- **What is required**:
The answer must be an exact reprint of the lines from the one with "Hand painted sign" through the final line of the data, with no pictures included.

- **Recorded information**:

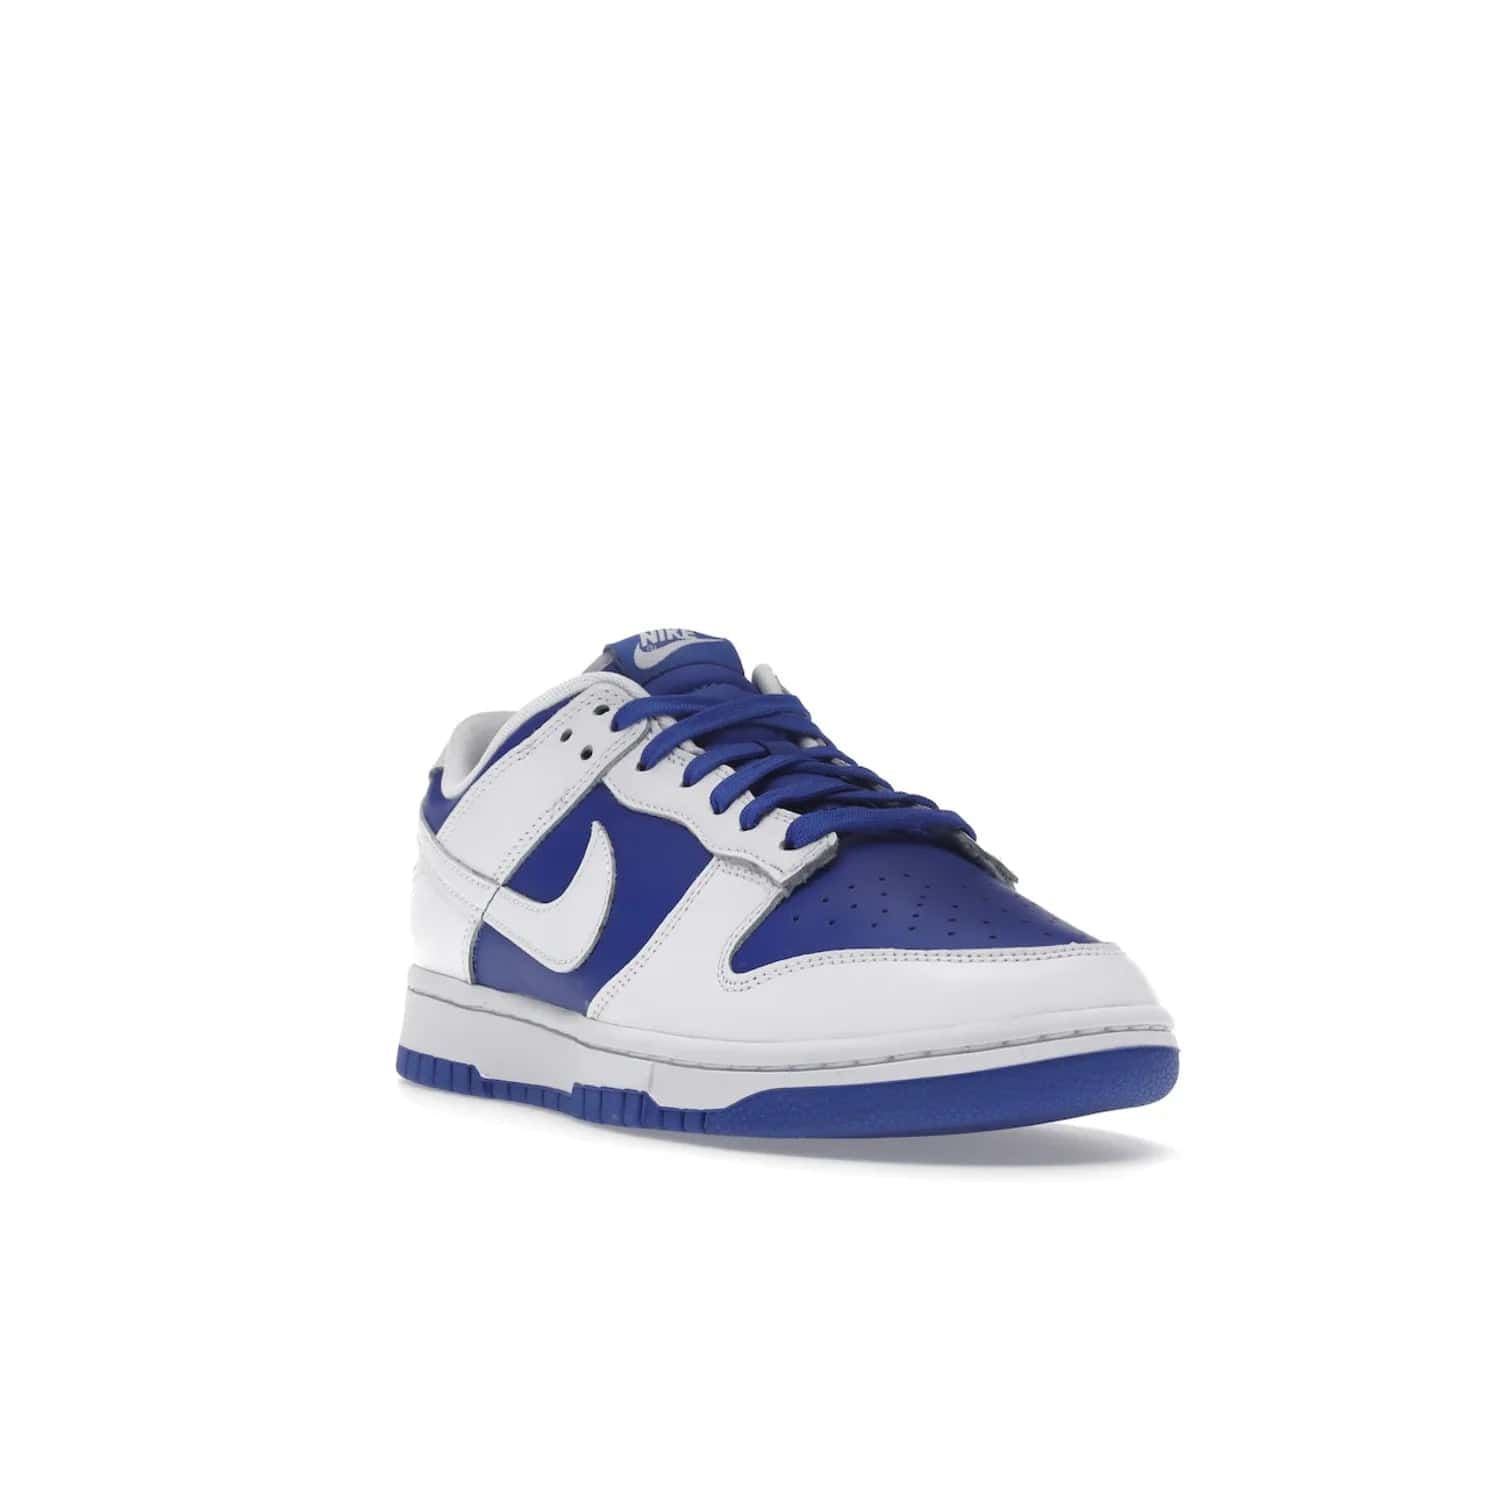 Nike Dunk Low Racer Blue White - Image 7 - Only at www.BallersClubKickz.com - Sleek Racer Blue leather upper and white leather overlays make up the Nike Dunk Low Racer Blue White. Woven tag and heel embroidery for a 1985 Dunk look with a matching EVA foam sole completes the classic colorway.
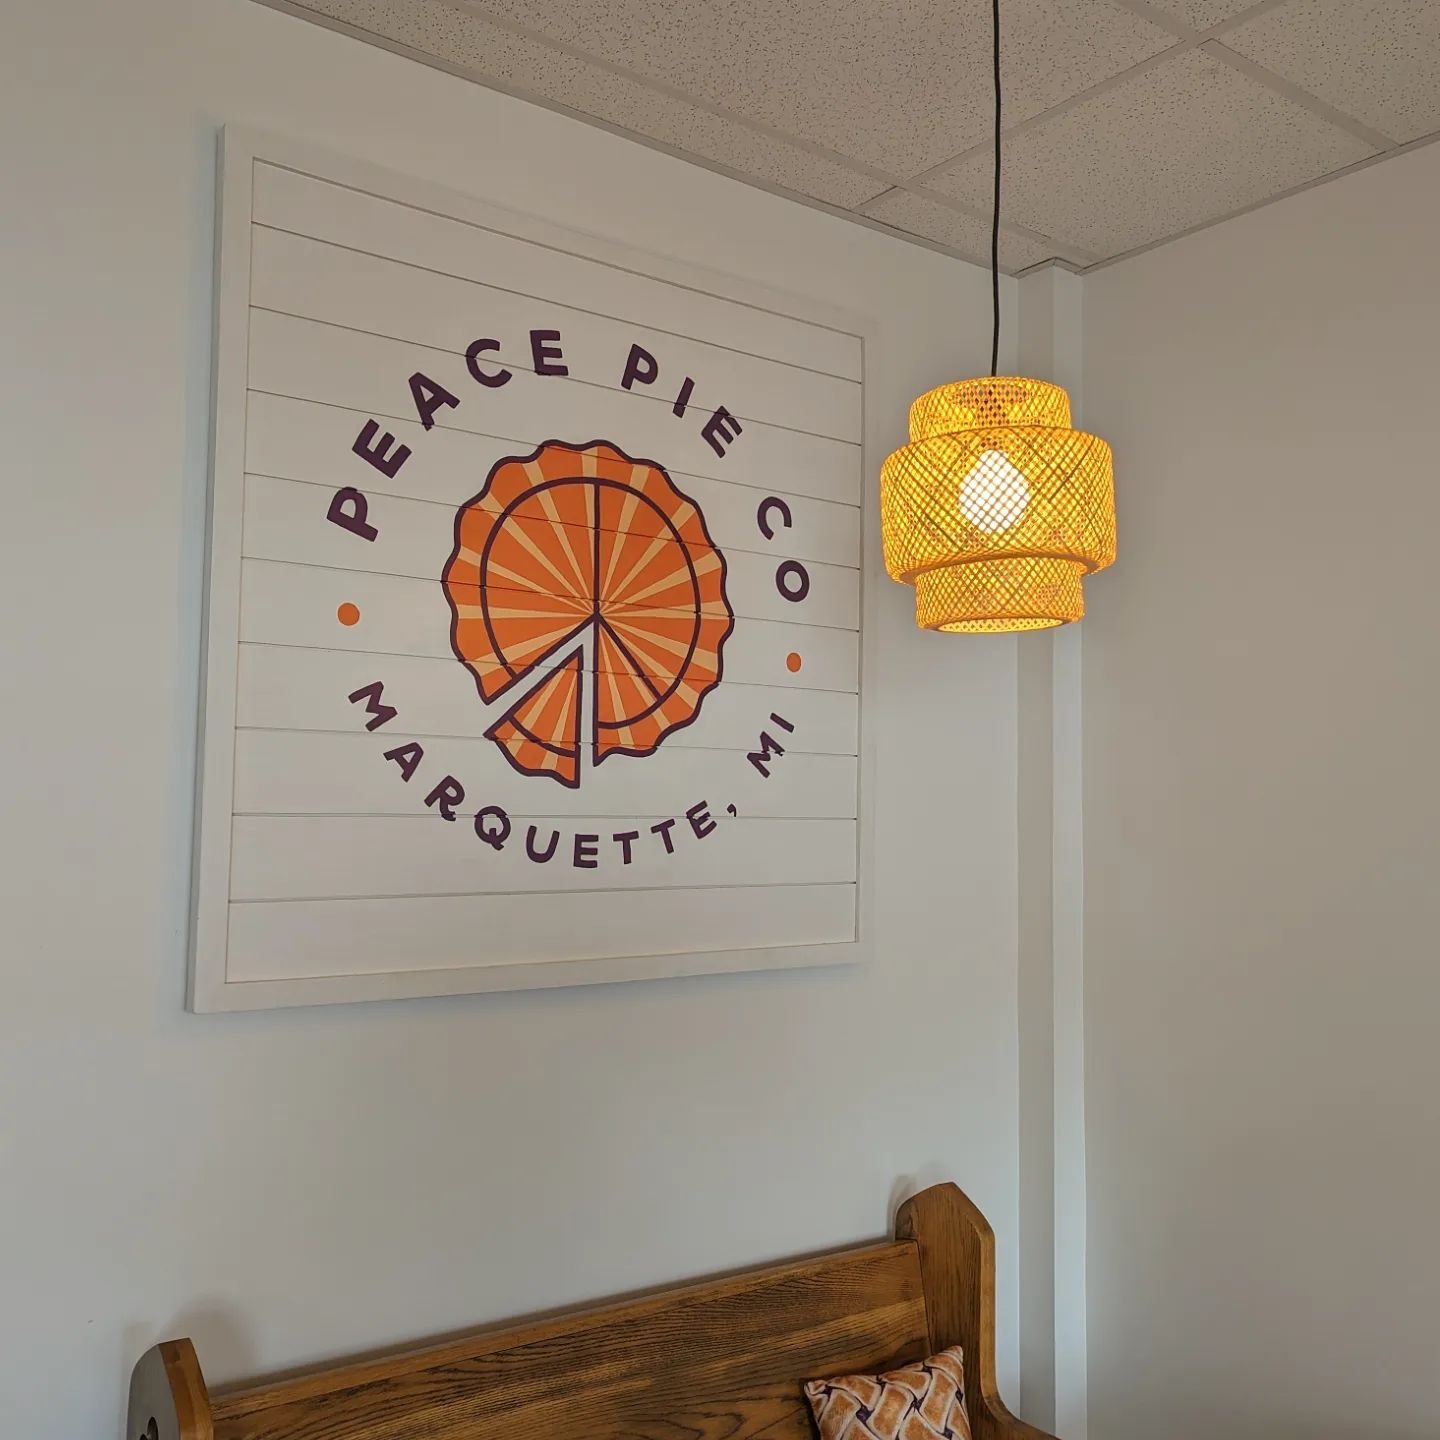 Hand painted sign for @peacepiecompany at their new space! I designed this logo years ago, so it's exciting to see Lorri and her team finally have their own storefront ☮️
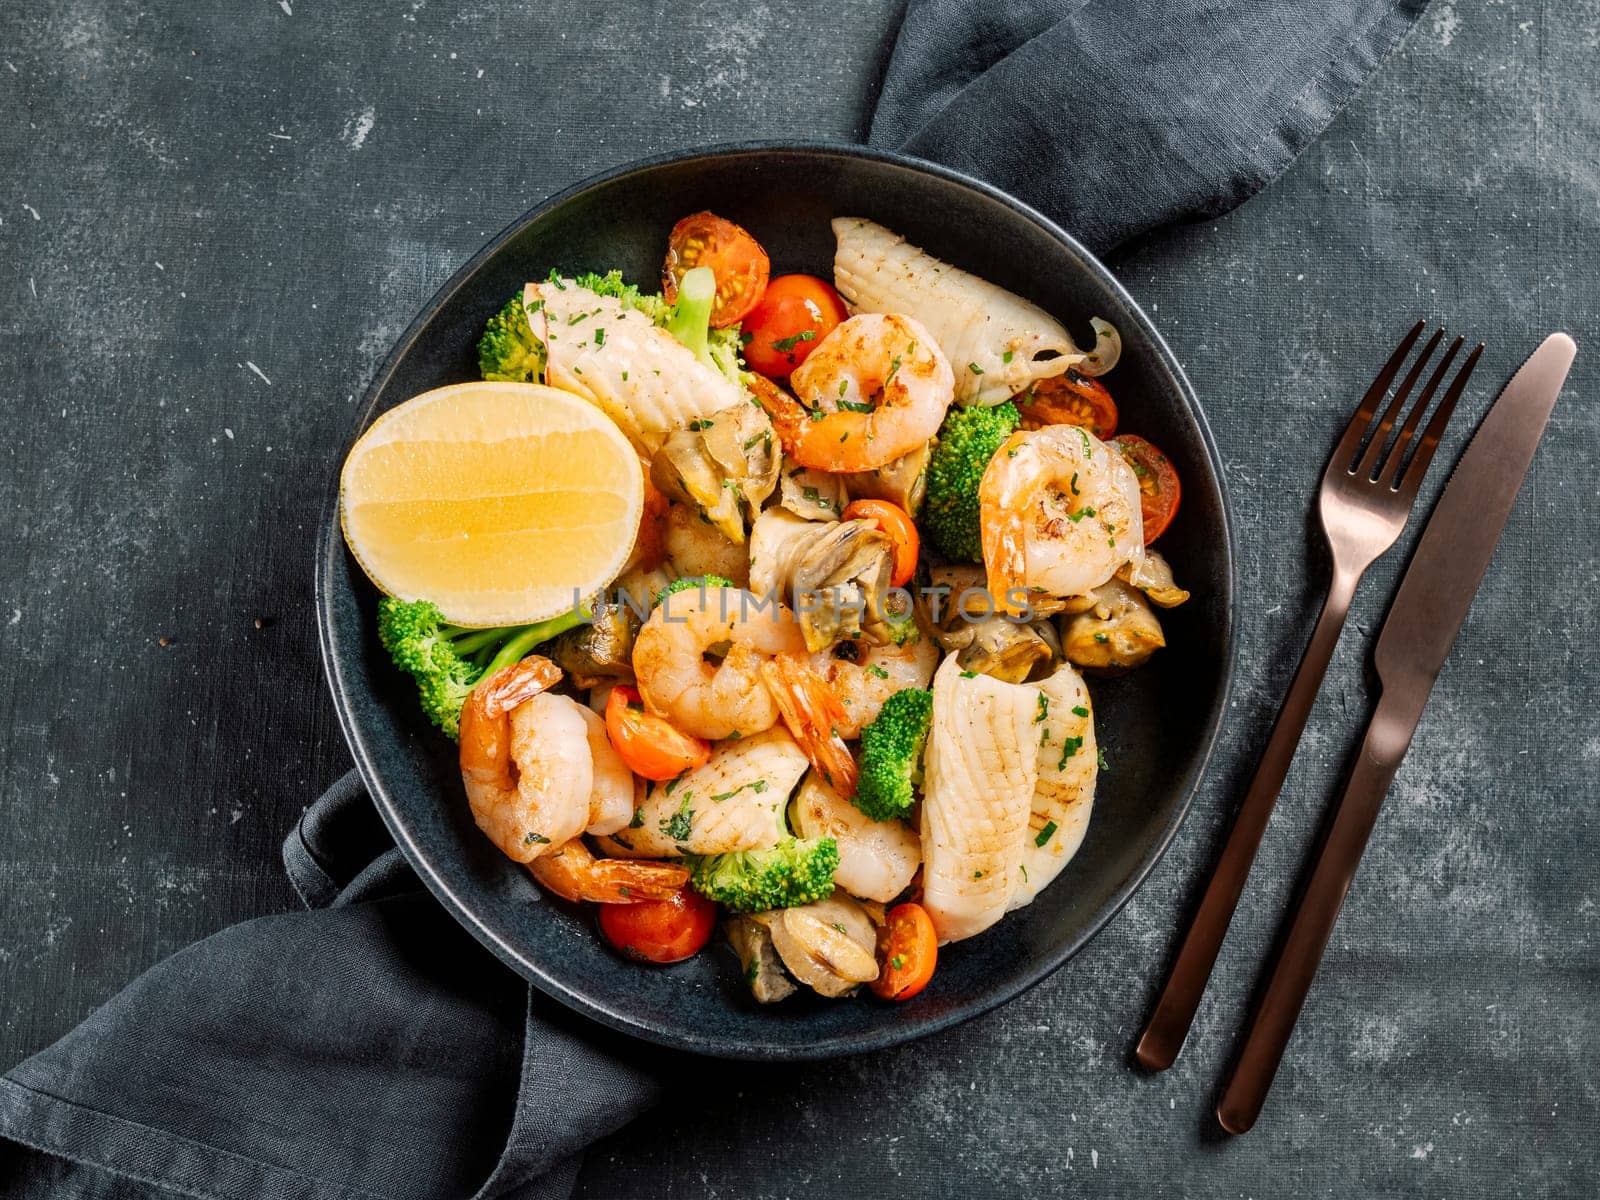 Mixed Seafood Contain Shrimps, Mussels, Calamari Squids and Fish with Broccoli, Cherry Tomato, Lemon on Black dish in restaurant-style platting. Seafood salad on dark background. Top view

- **Result for this exercise**:
 Hand painted sign for @peacepiecompany at their new space! I designed this logo years ago, so it's exciting to see Lorri and her team finally have their own storefront ☮️
 Mixed Seafood Contain Shrimps, Mussels, Calamari Squids and Fish with Broccoli, Cherry Tomato, Lemon on Black dish in restaurant-style platting. Seafood salad on dark background. Top view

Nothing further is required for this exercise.